#### [WHAT YOU ARE ASKED TO DO]
The data must be reproduced verbatim; images are to be omitted.

#### [DATA SECTION]
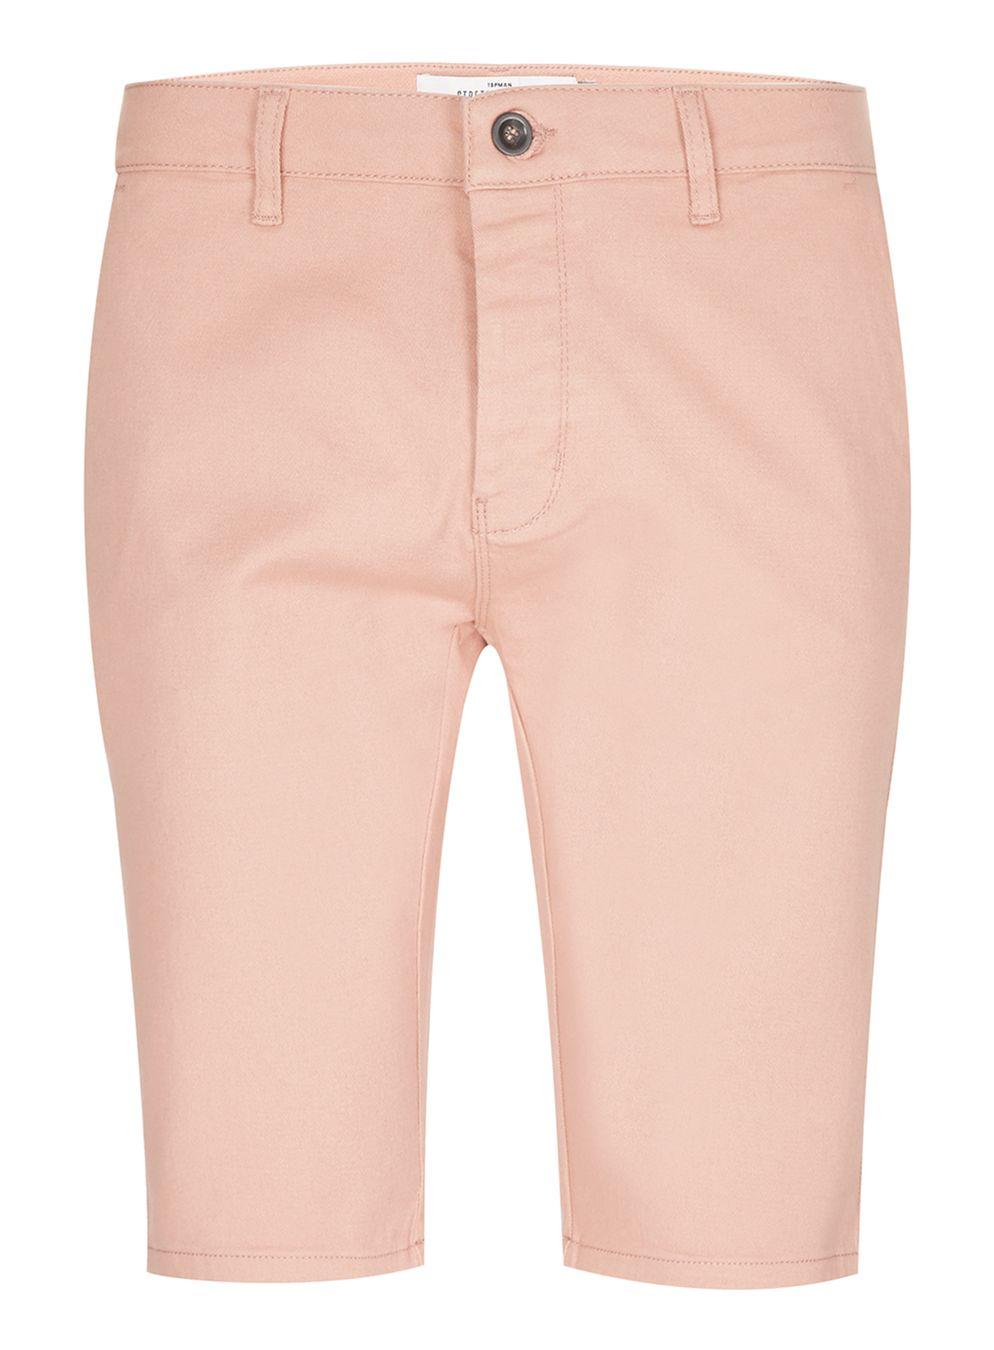 Topman Pink Stretch Skinny Chino Shorts
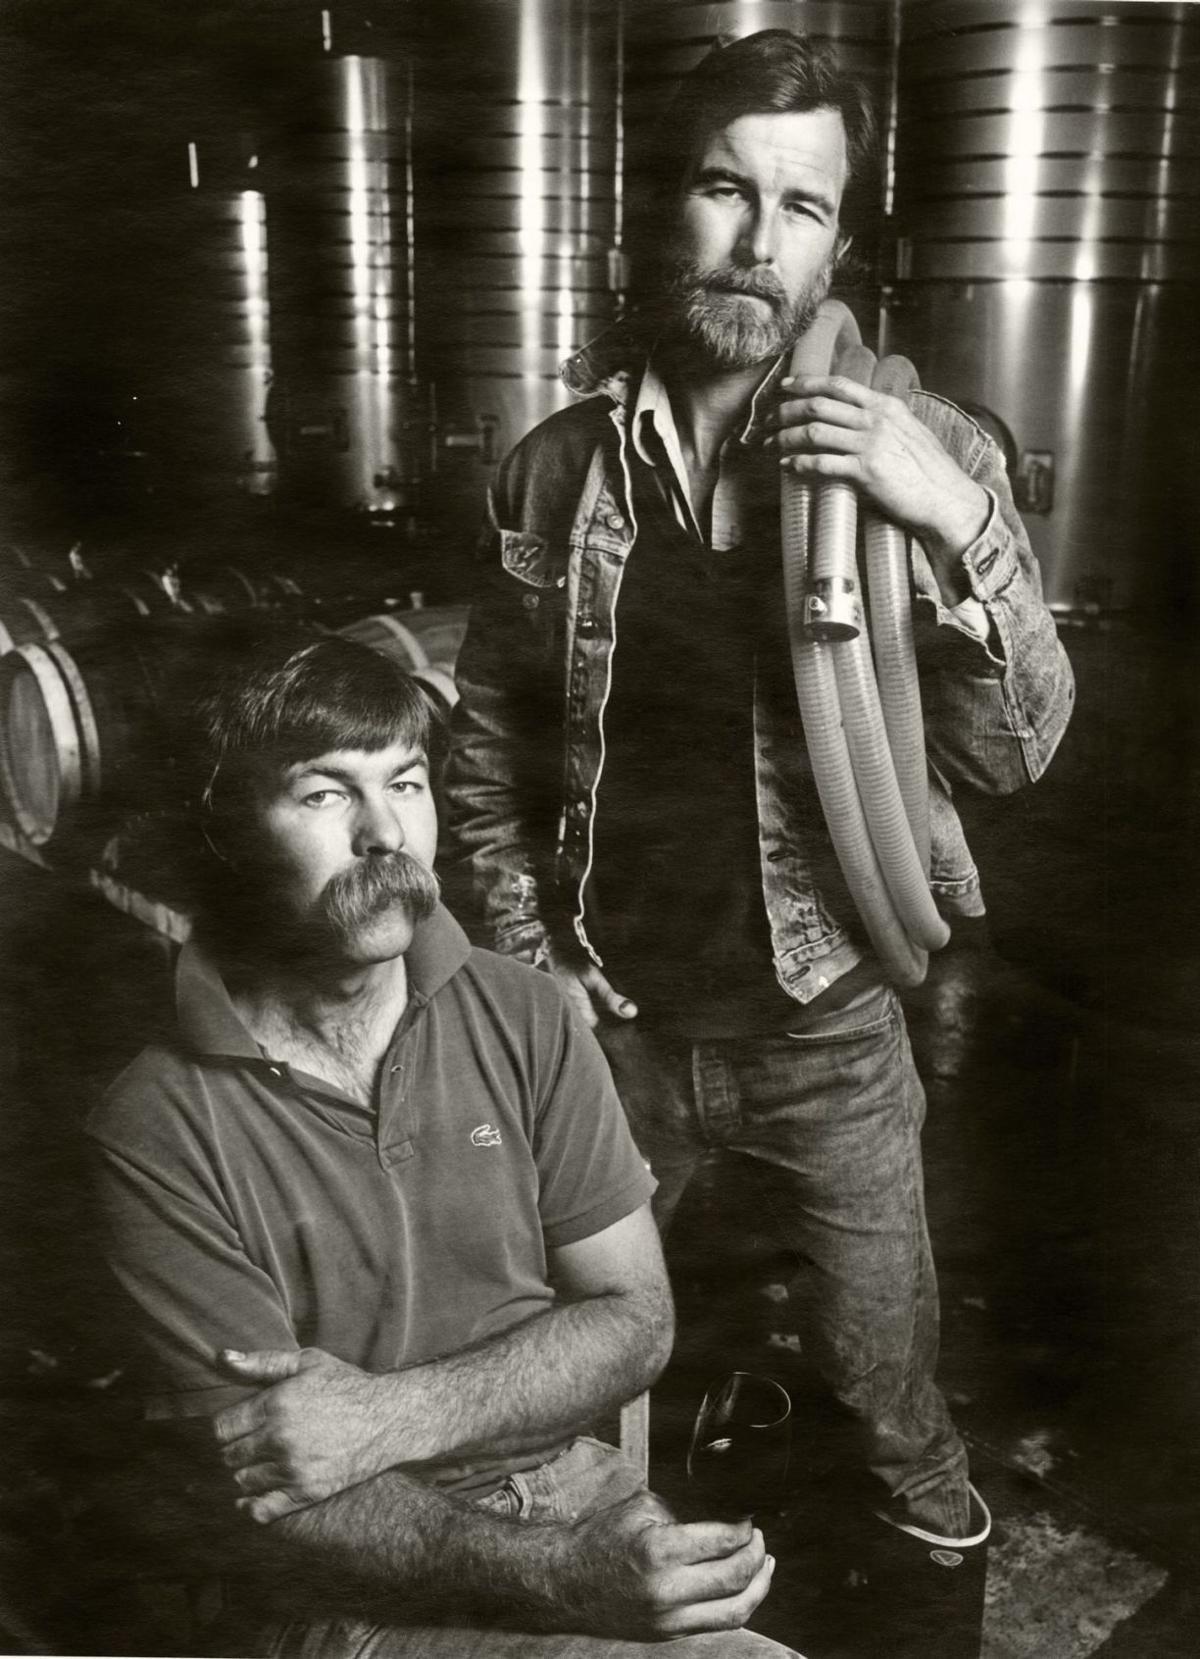 Stu and Charles Smith
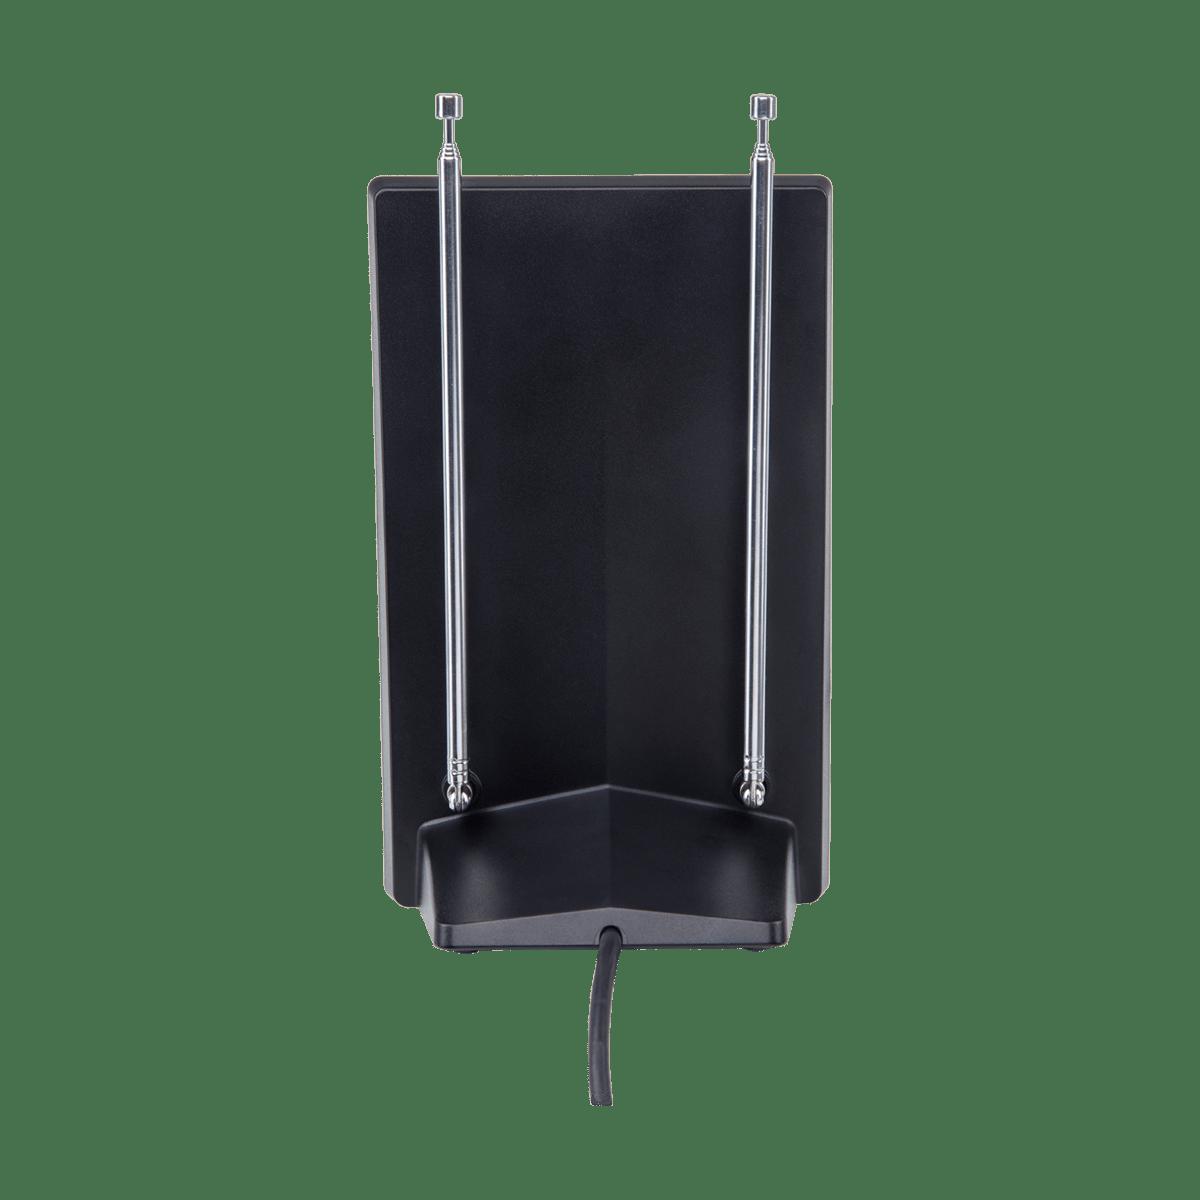 Antena de TV Interna Intelbras UHF/VHF/HDTV AI 2021
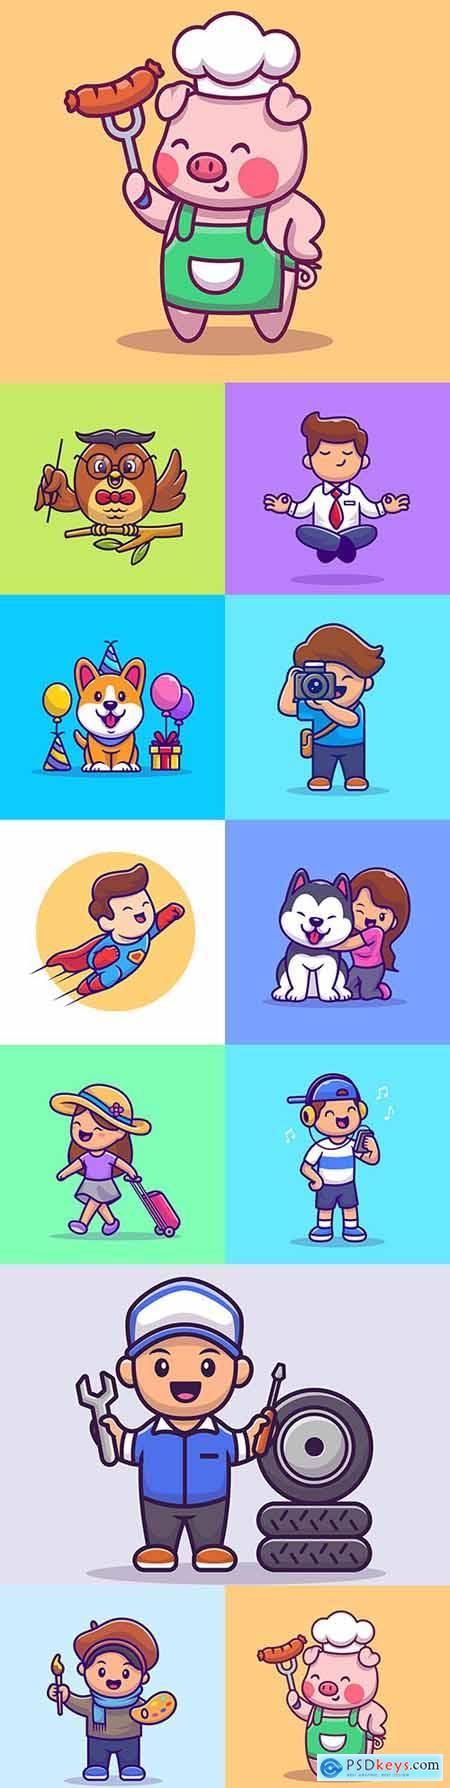 Emblem mascot and Brand name logos design 14

#### [TASK SOLUTION]
 Topman Pink Stretch Skinny Chino Shorts
 Stu and Charles Smith
 Antena de TV Interna Intelbras UHF/VHF/HDTV AI 2021
 Emblem mascot and Brand name logos design 14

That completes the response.